Time for God
Lent – Week 3 – Clock
There just never seems to be enough hours in the day to get everything done and you expect me to set some quiet time aside to spend with God in prayer.
So said a young mother at a church meeting, and immediately everyone in the room was on her side agreeing with her. An embarrassed young man then stuck his hand up to speak and said “ I know that problem, for me the only time most days that God and I can spend time together is when I’m in the bathroom first thing in the morning.” After a bit of discussion he continued
The important thing for me isn’t so much the where or the how, but the rightness of setting even a few moments aside to get my life into some sort of balance.

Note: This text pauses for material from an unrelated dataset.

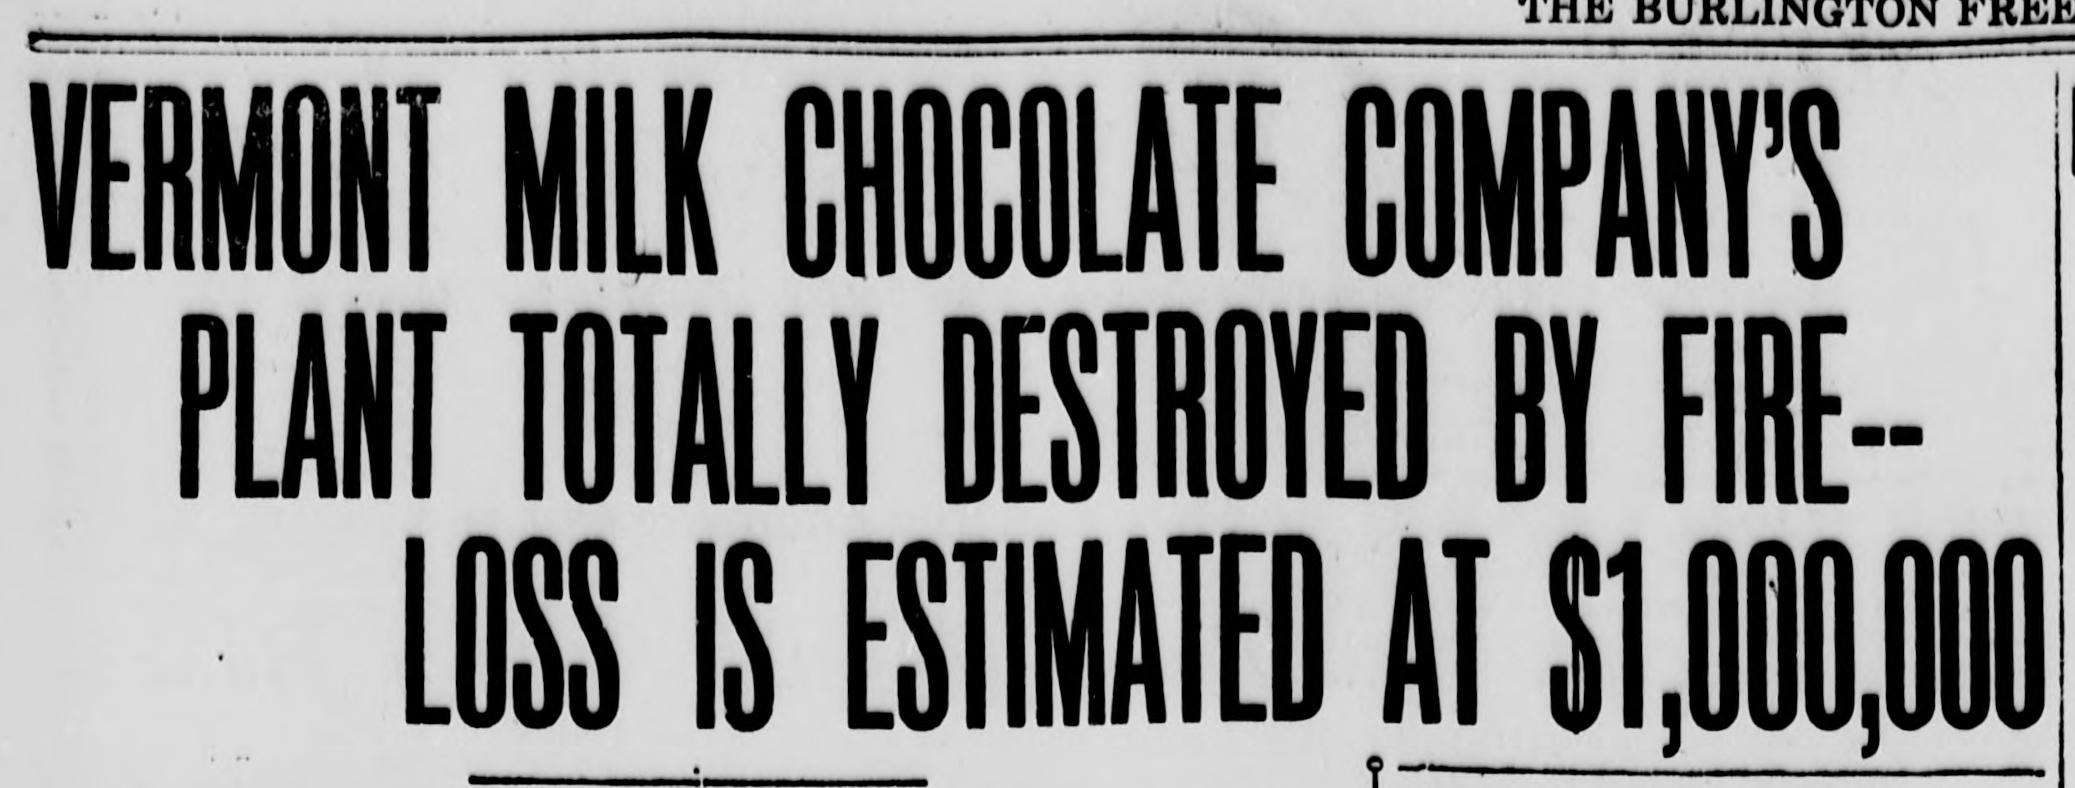 firechocolate

It is said that Susanna Wesley, mother of nineteen children including John and Charles, would pull her apron over her head when she needed time with God. When her children saw the apron go over her head, they knew to leave her alone!
The time set aside doesn’t always have to be lengthy. In his brief treatise of 1535 titled ‘A simple way to pray‘, Martin Luther said
A good prayer need not be long or drawn out, but rather it should be frequent and ardent.
In the same treatise, Martin Luther went on to say something which has become a Latin (and English) proverb:
Pluribus intentus, minor est ad singula sensus
He who thinks of many things, thinks of nothing and does nothing right.
In the business of life, even a few moments concentrated on God is not wasted….
….and when we’re busy, perhaps we can take comfort in, and pray the prayer of Jacob Astley in 1642:
O Lord, Thou knowest how busy I must be this day. If I forget Thee, do not forget me.